# awesome place to buy wood on-line



## dcutter (Mar 27, 2009)

i was home last weekend in portland oregon and stumbled upon a very good wood source. Its called Goby Walnut & Western Hardwoods (www.gobywalnut.com). They buy dead trees in Oregon and Northern California specializing in walnut slabs & figured maples. I stopped in and was blown away by the selection. They post all of their slabs and billets on-line and ship everywhere. I picked up a couple pieces of stuff I haven't been able to find out east: a billet of curly maple, curly black walnut and spalted maple. They ship everywhere and list every piece of wood for sale on-line. Check it out. Really neat stuff.


----------



## dcutter (Mar 27, 2009)

oh - they also have mrytle wood which, i believe, is only indiginous to the Oregon coast.


----------



## Raftermonkey (Jun 5, 2010)

They have some pretty good looking wood, but you can get the same thing from a few of the guys on here for way cheaper. Check out "Sawmill NC", I have gotten some AWESOME spalted maple from him that is just as nice, if not nicer for way under what Goby is charging.
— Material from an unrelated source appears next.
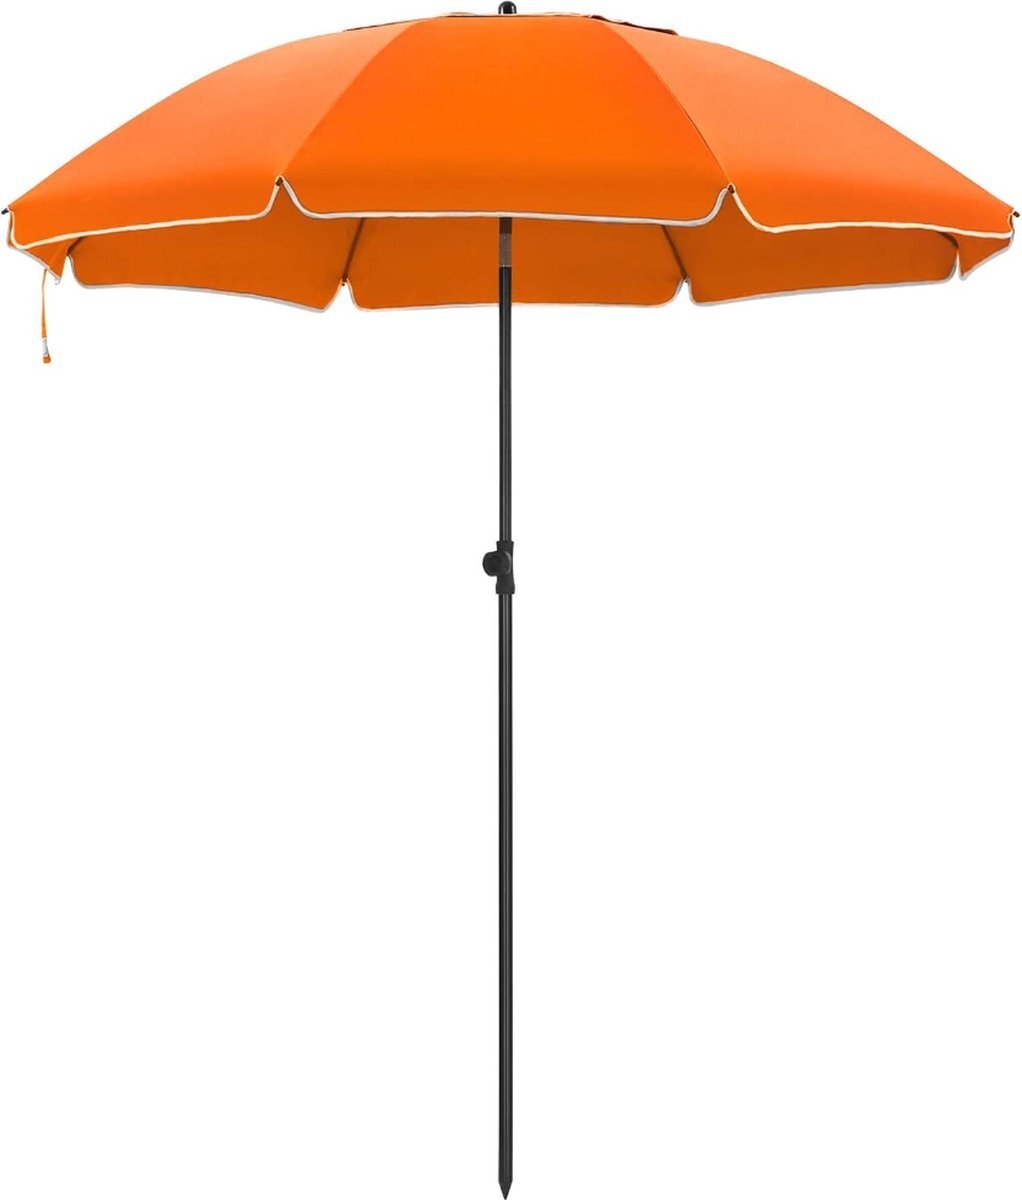 Acaza Parasol 180 cm diameter, rond / achthoekige strandparasol, knikbaar, kantelbaar, met draagtas - oranje

Also, "Oregonburls" is pretty much a one stop shop for beautifully figured Walnut Maple, Madrone burl and whatever his flavor of the month is,haha. Most of his stuff is burl woods but I'm sure he has some "regular" wood. Both of these guys will make your purchasing experience a great one. They kinda make it feel more personal as they will cut you just about any size you want. I think Greg at Oregonburls loves to talk about wood and he will prolly encourage you to call him,haha.

Zeke


----------



## awoodnut (Sep 25, 2009)

I like them both. I am in Oregon and I am always looking for new places to get good lumber. Thanks for the heads up I will check them both out when I am in the area.


----------



## Nomad62 (Apr 20, 2010)

I know Art, the owner at Gobys. He is a fair guy that runs a fair business, that seems hard to beat these days. You may also check out Gilmers, he has some crazy stuff there.


----------